Step 4. Downloading Hadoop 2.7.1 (IN HADOOP USER ACCOUNT)
Select your desired Hadoop Version from below weblink and mind it select only “binary” link.
 
 
You can download setup Hadoop 2.7.1 download here
 
$ cd Downloads
$ tar xzf hadoop-2.7.1.tar.gz
$ mv hadoop-2.7.1 home/hadoop hadoop
Step 5. Configure Hadoop Pseudo-Distributed Mode
 

5.1. Setup Hadoop Environment Variables

First we need to set environment variable uses by hadoop. Edit ~/.bashrc file and append following values at end of file.
export HADOOP_HOME=/home/hadoop/hadoop
export HADOOP_INSTALL=$HADOOP_HOME
export HADOOP_MAPRED_HOME=$HADOOP_HOME
export HADOOP_COMMON_HOME=$HADOOP_HOME
export HADOOP_HDFS_HOME=$HADOOP_HOME
export YARN_HOME=$HADOOP_HOME
export HADOOP_COMMON_LIB_NATIVE_DIR=$HADOOP_HOME/lib/native
export PATH=$PATH:$HADOOP_HOME/sbin:$HADOOP_HOME/bin
Now apply the changes in current running environment
$ source ~/.bashrc
Now edit $HADOOP_HOME/etc/hadoop/hadoop-env.sh file and set JAVA_HOME environment variable. Change the JAVA path as per install on your system. This path may vary as per your operating system version and installation source. So make sure you are using correct path.
export JAVA_HOME=/usr/lib/jvm/java-8-oracle
# Command to find Java path.
# update-alternatives --display java

5.2 Setup Hadoop Configuration Files

Hadoop has many of configuration files, which need to configure as per requirements of your hadoop infrastructure.
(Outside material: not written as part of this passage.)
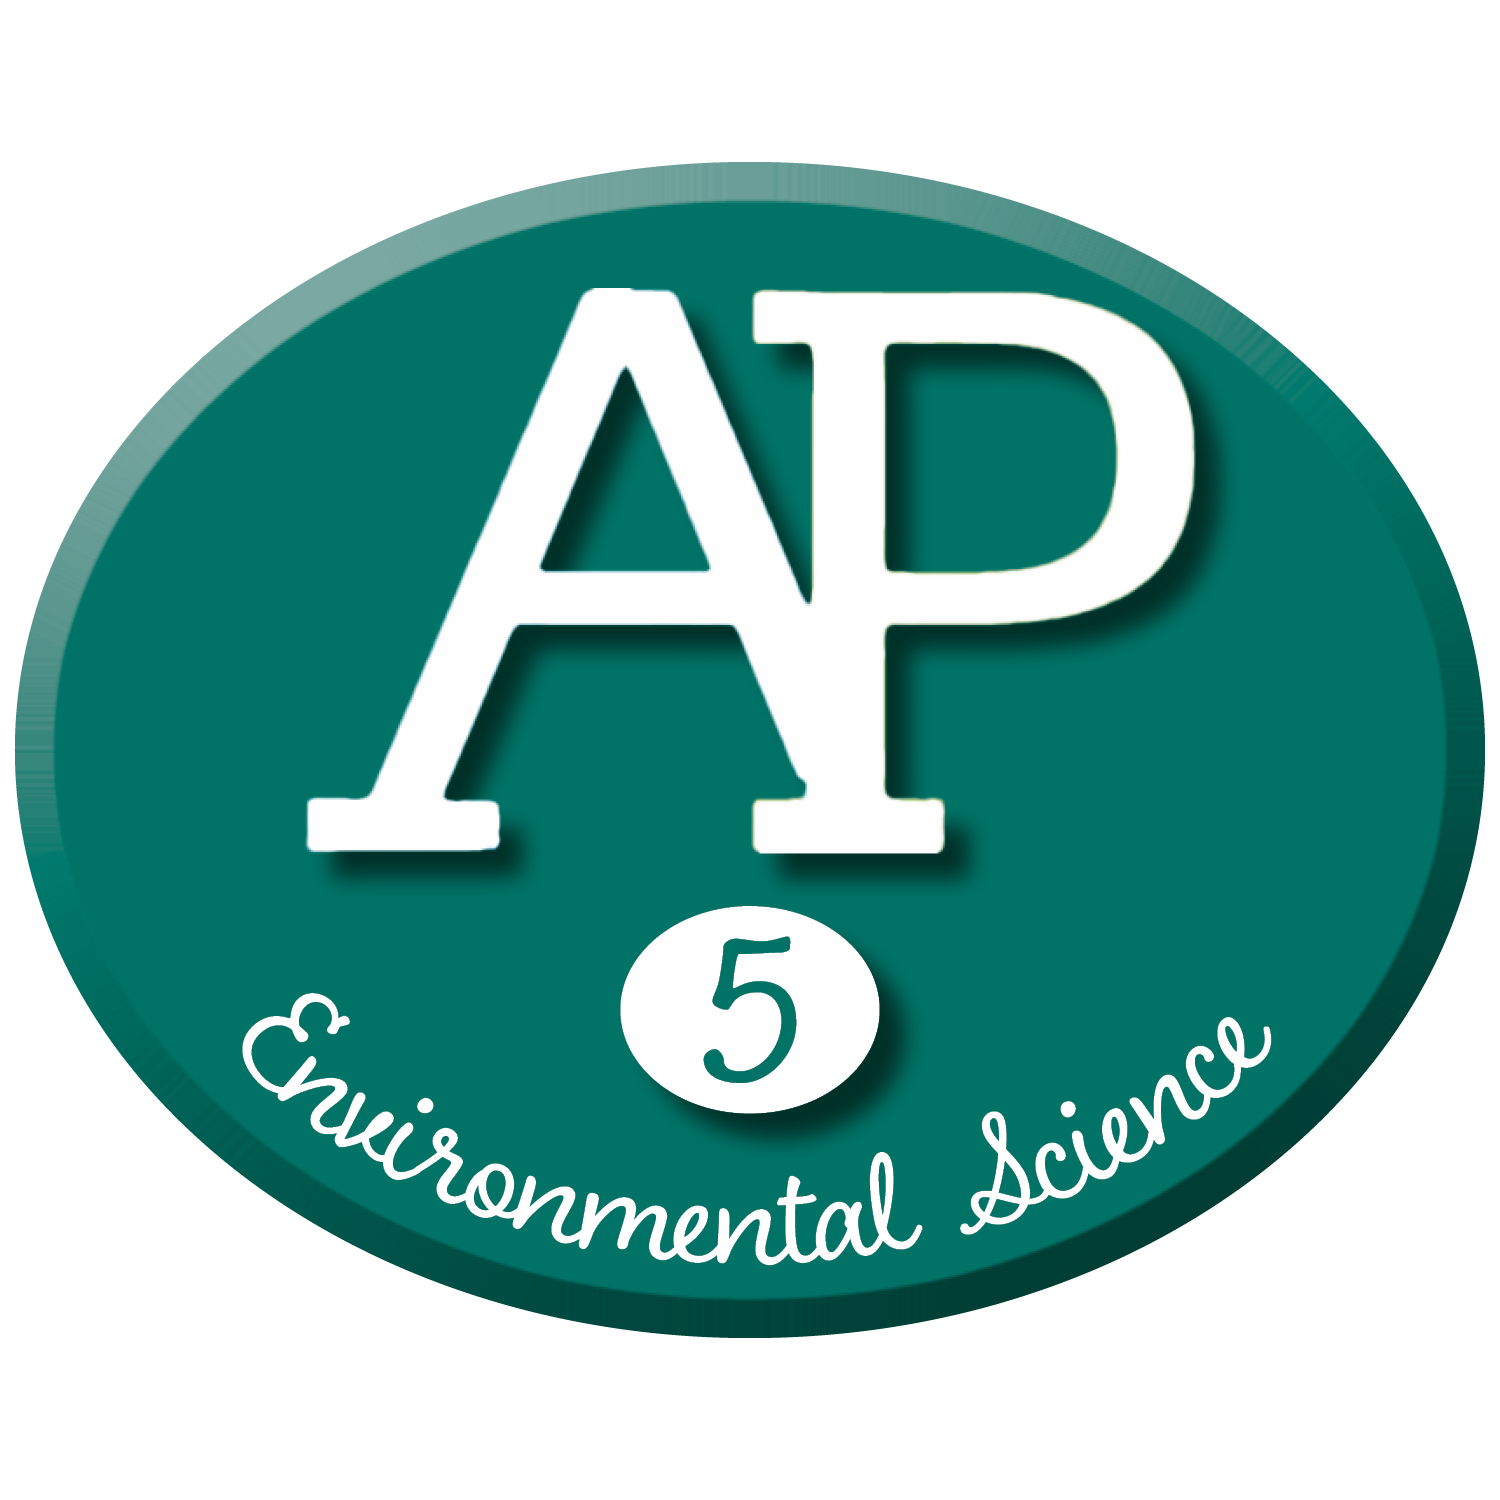 AP 5 Environmental Science
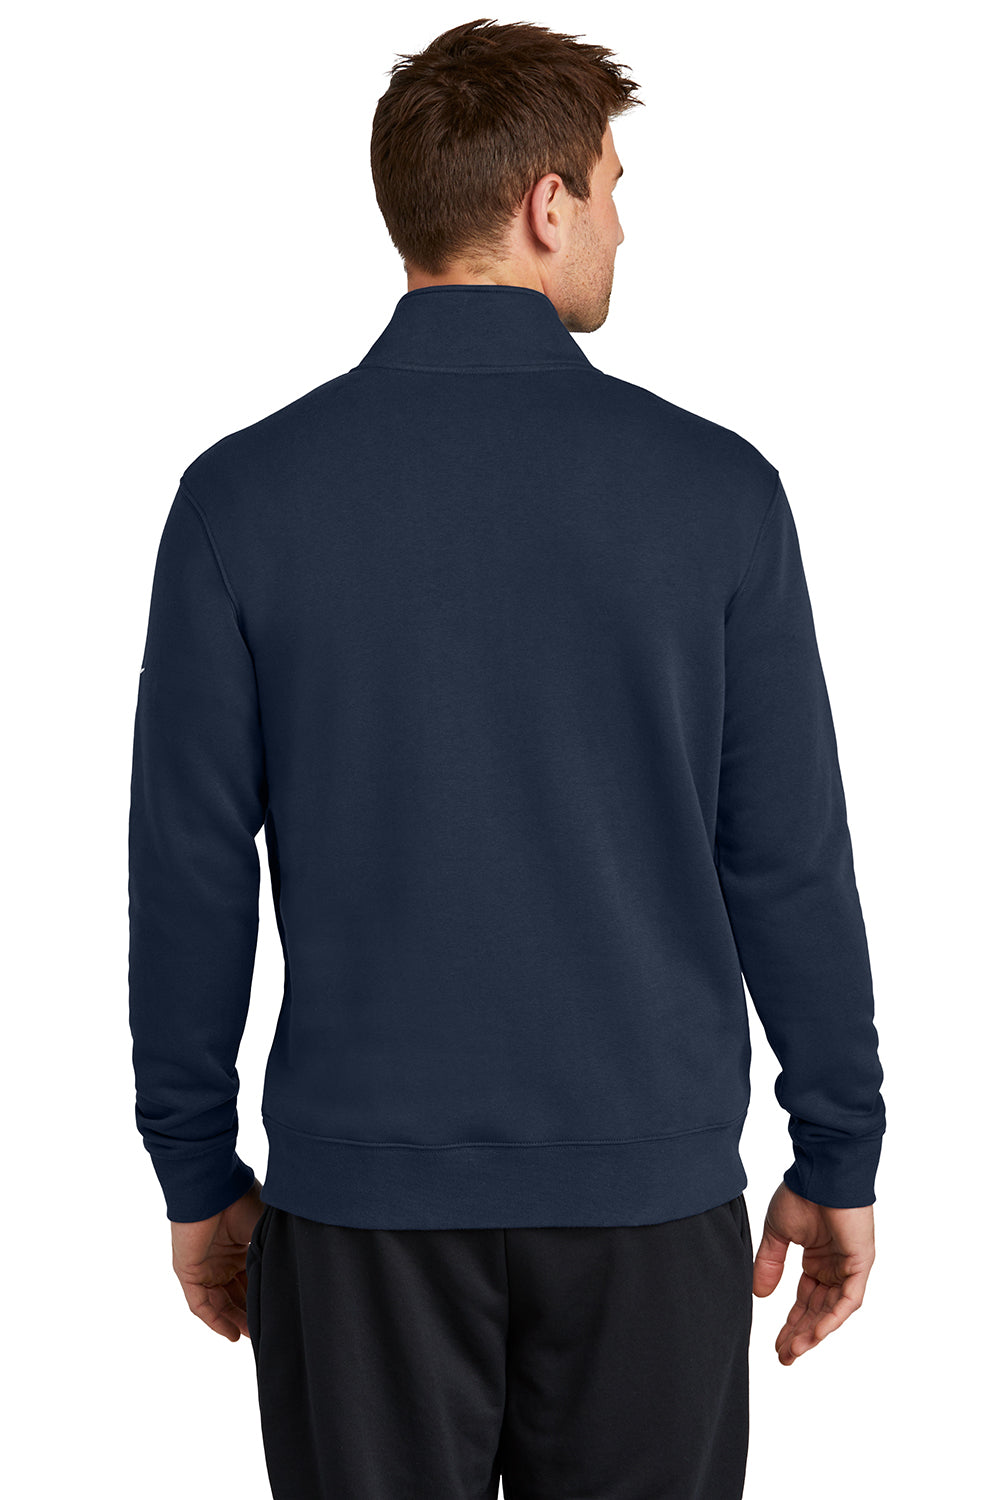 Nike NKDX6718 Mens Club Fleece 1/4 Zip Sweatshirt Midnight Navy Blue Model Back

Let’s start with the configuration with basic hadoop single node cluster setup. first navigate to below location
$ cd $HADOOP_HOME/etc/hadoop

Edit core-site.xml

<configuration>
<property>
  <name>fs.default.name</name>
    <value>hdfs://localhost:9000</value>
</property>
</configuration>

Edit hdfs-site.xml

<configuration>
<property>
 <name>dfs.replication</name>
 <value>1</value>
</property>

<property>
  <name>dfs.name.dir</name>
    <value>file:///home/hadoop/hadoopdata/hdfs/namenode</value>
</property>

<property>
  <name>dfs.data.dir</name>
    <value>file:///home/hadoop/hadoopdata/hdfs/datanode</value>
</property>
</configuration>

Edit mapred-site.xml.template

<configuration>
 <property>
  <name>mapreduce.framework.name</name>
   <value>yarn</value>
 </property>
</configuration>

Edit yarn-site.xml

<configuration>
 <property>
  <name>yarn.nodemanager.aux-services</name>
    <value>mapreduce_shuffle</value>
 </property>
</configuration>

5.3. Format Namenode

Now format the namenode using following command, make sure that Storage directory is
$ hdfs namenode -format
Sample output:
15/11/13 14:48:31 INFO namenode.NameNode: STARTUP_MSG:
/************************************************************
STARTUP_MSG: Starting NameNode
STARTUP_MSG:   host = localhost/127.0.0.1
STARTUP_MSG:   args = [-format]
STARTUP_MSG:   version = 2.7.1
...
...
...
15/11/13 14:48:41 INFO common.Storage: Storage directory /home/hadoop/hadoopdata/hdfs/namenode has been successfully formatted.
15/11/13 14:48:42 INFO namenode.NNStorageRetentionManager: Going to retain 1 images with txid >= 0
15/11/13 14:48:42 INFO util.ExitUtil: Exiting with status 0
15/11/13 14:48:42 INFO namenode.NameNode: SHUTDOWN_MSG:
/************************************************************
SHUTDOWN_MSG: Shutting down NameNode at localhost/127.0.0.1
************************************************************/

Step 6. Start Hadoop Cluster

Lets start your hadoop cluster using the scripts provides by hadoop. Just navigate to your hadoop sbin directory and execute scripts one by one.
$ cd $HADOOP_HOME/sbin
Now run all the hadoop services start-all.sh script.
$ start-all.sh

Step 7. Access Hadoop Services in Browser

Hadoop NameNode started on port 50070 default. Access your server on port 50070 in your favorite web browser.
http://localhost:50070/
hadoop-2-7-1-namenode
Now access port 8088 for getting the information about cluster and all applications
http://localhost:8088/
hadoop-2-7-1-namenode1
Access port 50090 for getting details about secondary namenode.
http://localhost:50090/
hadoop-2-7-1-secondry-namenode
Access port 50075 to get details about DataNode

Step 8. Test Hadoop Single Node Setup

7.1 – Make the HDFS directories required using following commands.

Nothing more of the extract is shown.